Secondary sources can be popular or scholarly.
Popular secondary sources report on or provide commentary on topics of interest to a general audience, with the aim of entertaining or informing.
Books can be a type of popular secondary source. Books written for a general audience typically avoid overly specialized language, and lack the "scholarly apparatus" of notes and bibliographies.
Magazines (both print and digital) are a common types of popular secondary sources. Examples include Newsweek, Latina, Slate, Harper's, New Yorker, etc.
Newspapers (print and digital) are another type of popular secondary source.

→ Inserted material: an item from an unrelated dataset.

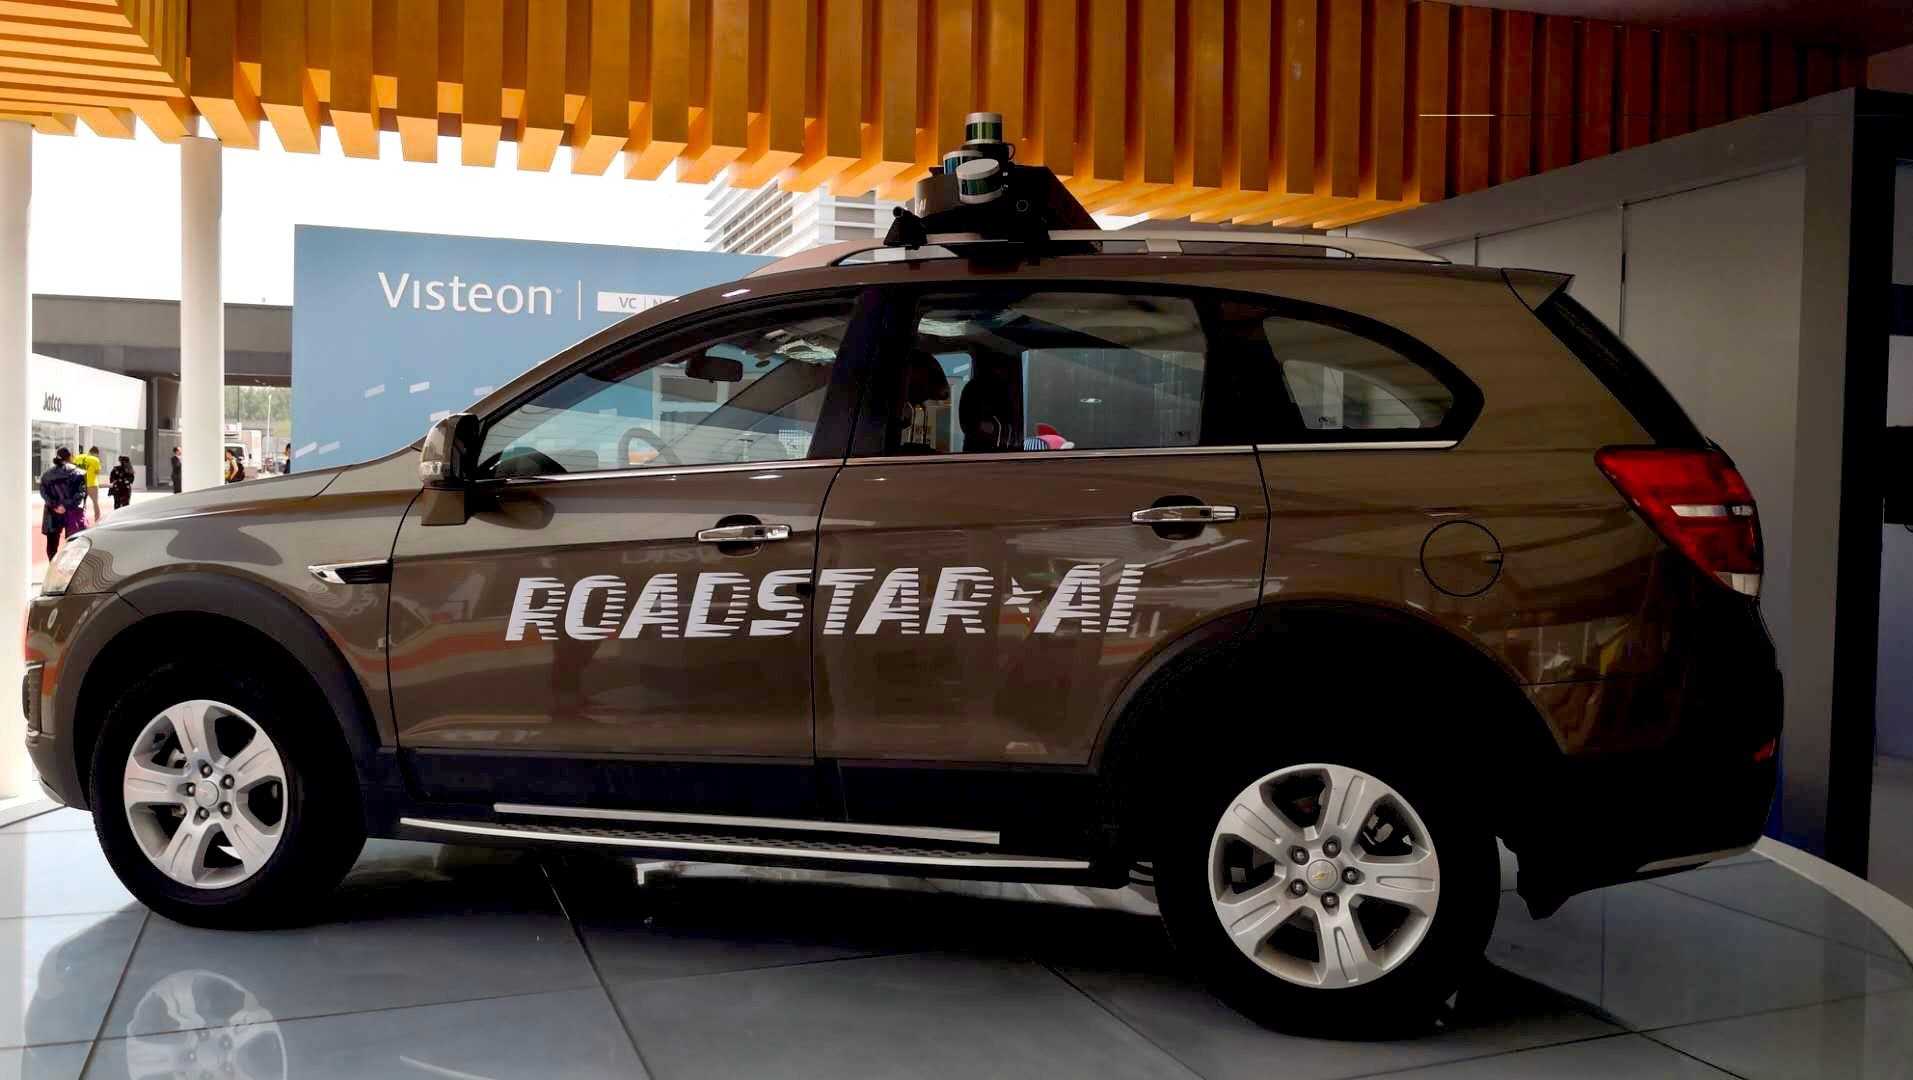 中国无人车Roadstar.ai融资1.28亿美元 国内最高融资额

Trade journals are a special type of popular secondary source in that they provide information to a specialist, but not scholarly audience. Some common examples include publications such as American Libraries for librarians, and The Advocate for lawyers.
Scholarly secondary sources present carefully researched and written arguments in which scholars analyze primary source materials and place their own arguments within the larger scholarly conversation. Scholarly secondary sources undergo a serious peer-review process prior to being published.
Books (monographs) are a type of scholarly secondary source.
Articles published in scholarly journals are the most common form of scholarly communication.
When you research topics in popular culture, you'll often need to consult both popular and scholarly secondary sources. The following databases will help you identify both types of secondary sources.
Books, whether popular or scholarly, can be helpful for placing your chosen artist within a larger context.
One good strategy is to search Google Books for your artist's name to see where her or his name pops up. Note the title of the book and then search for that book in Primo, the catalog for books available in Collins Library or one of the other 38 academic libraries in the SUMMIT system.
As you search for relevant secondary sources, you'll likely need to request at least a few sources from other libraries. Start your research now so that these materials have time to get to you.
Articles requested through interlibrary loan (Tipasa) typically arrive in digital format in just a few days, but can take longer.
Books requested from another SUMMIT library take about three to five business (Monday through Friday) days to arrive. You can request books by signing into Primo.
Books ordered from libraries outside of the SUMMIT system can take up to two weeks to arrive.
Collins Library and the other SUMMIT libraries are academic libraries, meaning that they tend to hold more scholarly sources. Popular sources often are more likely to be held by public libraries. University of Puget Sound students are eligible to obtain Tacoma Public Library cards. There is a TPL branch in the Proctor district (Wheelock) as well as a larger collection at the Main Library downtown.